- **WORK TASK**: Where does the word "style" show up in the data? Please find each such line and copy it.

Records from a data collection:
....
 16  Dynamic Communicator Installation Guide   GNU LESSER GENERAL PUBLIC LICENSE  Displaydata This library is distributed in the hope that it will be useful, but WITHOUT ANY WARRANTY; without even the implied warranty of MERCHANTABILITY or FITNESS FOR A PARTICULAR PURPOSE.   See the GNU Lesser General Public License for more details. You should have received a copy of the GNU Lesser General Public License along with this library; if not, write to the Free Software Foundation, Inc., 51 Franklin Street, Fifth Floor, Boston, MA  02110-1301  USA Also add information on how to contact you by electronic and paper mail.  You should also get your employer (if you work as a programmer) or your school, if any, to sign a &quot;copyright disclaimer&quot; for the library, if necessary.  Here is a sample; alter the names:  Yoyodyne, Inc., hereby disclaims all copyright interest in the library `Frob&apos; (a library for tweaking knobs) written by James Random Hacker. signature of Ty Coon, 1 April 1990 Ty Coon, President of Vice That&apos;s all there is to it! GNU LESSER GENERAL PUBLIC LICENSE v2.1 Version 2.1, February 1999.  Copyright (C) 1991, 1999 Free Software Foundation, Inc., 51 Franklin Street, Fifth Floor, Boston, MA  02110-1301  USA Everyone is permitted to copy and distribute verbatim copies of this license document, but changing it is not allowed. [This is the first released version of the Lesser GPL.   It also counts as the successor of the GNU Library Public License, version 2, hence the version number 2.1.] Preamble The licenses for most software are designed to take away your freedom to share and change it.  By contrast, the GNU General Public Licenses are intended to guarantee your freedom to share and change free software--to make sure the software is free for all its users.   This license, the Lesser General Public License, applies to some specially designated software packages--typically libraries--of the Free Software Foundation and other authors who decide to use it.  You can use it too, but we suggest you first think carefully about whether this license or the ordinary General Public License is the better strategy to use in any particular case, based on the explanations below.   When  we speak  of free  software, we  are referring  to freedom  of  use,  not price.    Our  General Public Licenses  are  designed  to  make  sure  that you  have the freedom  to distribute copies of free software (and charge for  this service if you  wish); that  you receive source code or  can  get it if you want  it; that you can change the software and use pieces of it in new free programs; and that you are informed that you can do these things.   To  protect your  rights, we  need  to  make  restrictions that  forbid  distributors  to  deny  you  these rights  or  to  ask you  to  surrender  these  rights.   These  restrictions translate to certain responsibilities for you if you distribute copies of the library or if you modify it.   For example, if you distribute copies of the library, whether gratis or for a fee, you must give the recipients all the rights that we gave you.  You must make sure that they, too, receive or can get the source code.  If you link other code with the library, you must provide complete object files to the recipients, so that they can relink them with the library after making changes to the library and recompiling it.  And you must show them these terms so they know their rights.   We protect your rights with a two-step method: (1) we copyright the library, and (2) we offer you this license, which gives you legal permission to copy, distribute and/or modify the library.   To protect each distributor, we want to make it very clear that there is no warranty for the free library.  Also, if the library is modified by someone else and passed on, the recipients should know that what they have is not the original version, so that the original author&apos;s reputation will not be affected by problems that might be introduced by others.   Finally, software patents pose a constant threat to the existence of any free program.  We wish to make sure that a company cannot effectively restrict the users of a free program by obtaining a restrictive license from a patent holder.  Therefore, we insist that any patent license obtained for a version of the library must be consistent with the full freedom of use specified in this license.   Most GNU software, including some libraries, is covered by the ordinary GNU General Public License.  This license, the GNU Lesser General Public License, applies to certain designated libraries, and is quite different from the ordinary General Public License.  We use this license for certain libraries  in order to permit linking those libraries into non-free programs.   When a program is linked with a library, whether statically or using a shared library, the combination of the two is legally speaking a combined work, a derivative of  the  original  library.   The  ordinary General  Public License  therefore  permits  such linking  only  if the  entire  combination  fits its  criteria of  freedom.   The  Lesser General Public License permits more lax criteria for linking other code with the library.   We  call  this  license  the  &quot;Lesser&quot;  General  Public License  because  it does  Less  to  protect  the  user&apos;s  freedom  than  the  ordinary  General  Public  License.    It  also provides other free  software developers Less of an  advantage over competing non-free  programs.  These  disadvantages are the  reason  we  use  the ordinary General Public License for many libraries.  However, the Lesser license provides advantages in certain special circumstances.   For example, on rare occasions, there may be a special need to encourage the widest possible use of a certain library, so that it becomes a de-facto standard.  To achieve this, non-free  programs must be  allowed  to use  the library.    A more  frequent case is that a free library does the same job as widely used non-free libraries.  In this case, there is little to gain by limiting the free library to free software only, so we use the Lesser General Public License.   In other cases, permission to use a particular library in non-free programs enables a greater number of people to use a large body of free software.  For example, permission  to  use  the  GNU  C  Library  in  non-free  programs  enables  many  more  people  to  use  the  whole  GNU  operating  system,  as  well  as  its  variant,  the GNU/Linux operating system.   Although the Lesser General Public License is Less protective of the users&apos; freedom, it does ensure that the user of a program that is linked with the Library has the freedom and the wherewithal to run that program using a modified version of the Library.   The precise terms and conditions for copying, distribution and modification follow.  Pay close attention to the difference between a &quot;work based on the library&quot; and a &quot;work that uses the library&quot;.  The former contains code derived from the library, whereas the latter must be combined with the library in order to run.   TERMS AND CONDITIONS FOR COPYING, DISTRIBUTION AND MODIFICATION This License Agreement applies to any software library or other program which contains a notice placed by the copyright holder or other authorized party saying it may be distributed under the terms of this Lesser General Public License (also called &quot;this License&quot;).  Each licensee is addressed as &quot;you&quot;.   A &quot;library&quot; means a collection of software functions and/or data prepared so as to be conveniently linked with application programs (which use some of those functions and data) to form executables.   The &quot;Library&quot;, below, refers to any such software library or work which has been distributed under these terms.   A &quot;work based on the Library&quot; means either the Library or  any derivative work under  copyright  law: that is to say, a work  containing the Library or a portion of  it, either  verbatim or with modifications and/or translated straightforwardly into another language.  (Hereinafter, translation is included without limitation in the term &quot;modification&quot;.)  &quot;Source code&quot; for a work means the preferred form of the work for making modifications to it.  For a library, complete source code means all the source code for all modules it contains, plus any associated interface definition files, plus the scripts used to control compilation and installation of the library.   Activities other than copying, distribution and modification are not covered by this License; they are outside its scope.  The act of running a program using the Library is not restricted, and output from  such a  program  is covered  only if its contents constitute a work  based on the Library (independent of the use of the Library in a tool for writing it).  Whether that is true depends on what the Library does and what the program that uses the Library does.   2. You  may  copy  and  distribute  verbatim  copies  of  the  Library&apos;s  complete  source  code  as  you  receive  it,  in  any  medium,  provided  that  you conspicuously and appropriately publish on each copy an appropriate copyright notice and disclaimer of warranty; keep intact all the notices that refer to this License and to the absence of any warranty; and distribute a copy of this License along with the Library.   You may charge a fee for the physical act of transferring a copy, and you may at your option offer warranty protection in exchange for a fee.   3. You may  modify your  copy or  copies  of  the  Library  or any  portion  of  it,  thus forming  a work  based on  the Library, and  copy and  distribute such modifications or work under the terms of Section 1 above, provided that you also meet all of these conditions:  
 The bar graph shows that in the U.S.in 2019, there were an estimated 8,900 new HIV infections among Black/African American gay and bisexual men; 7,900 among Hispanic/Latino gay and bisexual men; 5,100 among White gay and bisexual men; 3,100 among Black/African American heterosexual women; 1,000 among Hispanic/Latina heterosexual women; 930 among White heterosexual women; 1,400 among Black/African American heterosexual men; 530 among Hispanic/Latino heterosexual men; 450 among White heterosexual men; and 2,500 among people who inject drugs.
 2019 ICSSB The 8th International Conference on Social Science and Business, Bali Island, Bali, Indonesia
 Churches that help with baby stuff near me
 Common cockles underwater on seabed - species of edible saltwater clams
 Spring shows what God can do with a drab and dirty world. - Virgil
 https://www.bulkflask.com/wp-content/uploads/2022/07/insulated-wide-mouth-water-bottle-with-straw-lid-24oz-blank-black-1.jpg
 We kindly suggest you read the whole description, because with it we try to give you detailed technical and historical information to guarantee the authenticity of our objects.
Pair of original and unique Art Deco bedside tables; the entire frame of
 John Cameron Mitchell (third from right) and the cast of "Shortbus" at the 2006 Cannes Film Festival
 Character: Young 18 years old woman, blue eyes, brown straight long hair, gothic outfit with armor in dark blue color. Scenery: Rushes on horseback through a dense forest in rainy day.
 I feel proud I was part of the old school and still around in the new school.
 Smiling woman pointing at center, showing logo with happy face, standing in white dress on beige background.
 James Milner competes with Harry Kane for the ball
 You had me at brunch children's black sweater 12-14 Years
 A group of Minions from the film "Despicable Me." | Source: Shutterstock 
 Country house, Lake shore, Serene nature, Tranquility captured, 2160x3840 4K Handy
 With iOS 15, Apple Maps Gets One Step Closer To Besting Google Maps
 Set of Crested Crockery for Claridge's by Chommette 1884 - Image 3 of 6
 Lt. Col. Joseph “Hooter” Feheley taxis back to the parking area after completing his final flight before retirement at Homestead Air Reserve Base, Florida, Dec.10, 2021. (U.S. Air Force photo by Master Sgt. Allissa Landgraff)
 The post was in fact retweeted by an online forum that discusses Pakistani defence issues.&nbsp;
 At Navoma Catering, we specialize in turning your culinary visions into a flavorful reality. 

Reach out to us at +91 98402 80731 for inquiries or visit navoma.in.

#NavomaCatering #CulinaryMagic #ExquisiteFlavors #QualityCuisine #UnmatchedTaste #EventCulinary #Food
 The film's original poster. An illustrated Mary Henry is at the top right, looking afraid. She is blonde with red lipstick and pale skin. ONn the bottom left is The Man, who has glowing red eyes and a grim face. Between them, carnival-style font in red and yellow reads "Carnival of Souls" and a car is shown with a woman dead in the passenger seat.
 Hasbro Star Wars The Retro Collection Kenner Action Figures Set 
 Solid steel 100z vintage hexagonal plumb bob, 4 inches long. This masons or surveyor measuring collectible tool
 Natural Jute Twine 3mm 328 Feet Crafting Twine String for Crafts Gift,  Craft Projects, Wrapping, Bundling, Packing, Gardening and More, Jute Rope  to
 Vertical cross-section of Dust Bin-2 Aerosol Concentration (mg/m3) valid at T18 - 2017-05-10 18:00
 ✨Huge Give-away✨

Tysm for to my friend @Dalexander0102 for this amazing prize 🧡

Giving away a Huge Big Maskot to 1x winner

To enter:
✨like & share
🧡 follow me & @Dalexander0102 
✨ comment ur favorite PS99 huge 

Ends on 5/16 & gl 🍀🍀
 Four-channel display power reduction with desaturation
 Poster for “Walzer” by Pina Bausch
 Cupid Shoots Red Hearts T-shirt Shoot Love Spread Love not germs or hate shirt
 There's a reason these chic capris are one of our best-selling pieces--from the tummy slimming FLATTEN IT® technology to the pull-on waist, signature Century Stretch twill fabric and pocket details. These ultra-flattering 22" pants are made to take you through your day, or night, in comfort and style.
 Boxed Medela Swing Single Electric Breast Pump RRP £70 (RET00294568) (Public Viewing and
....
- **OUTPUT FOR THIS EXERCISE**:
 The film's original poster. An illustrated Mary Henry is at the top right, looking afraid. She is blonde with red lipstick and pale skin. ONn the bottom left is The Man, who has glowing red eyes and a grim face. Between them, carnival-style font in red and yellow reads "Carnival of Souls" and a car is shown with a woman dead in the passenger seat.
 There's a reason these chic capris are one of our best-selling pieces--from the tummy slimming FLATTEN IT® technology to the pull-on waist, signature Century Stretch twill fabric and pocket details. These ultra-flattering 22" pants are made to take you through your day, or night, in comfort and style.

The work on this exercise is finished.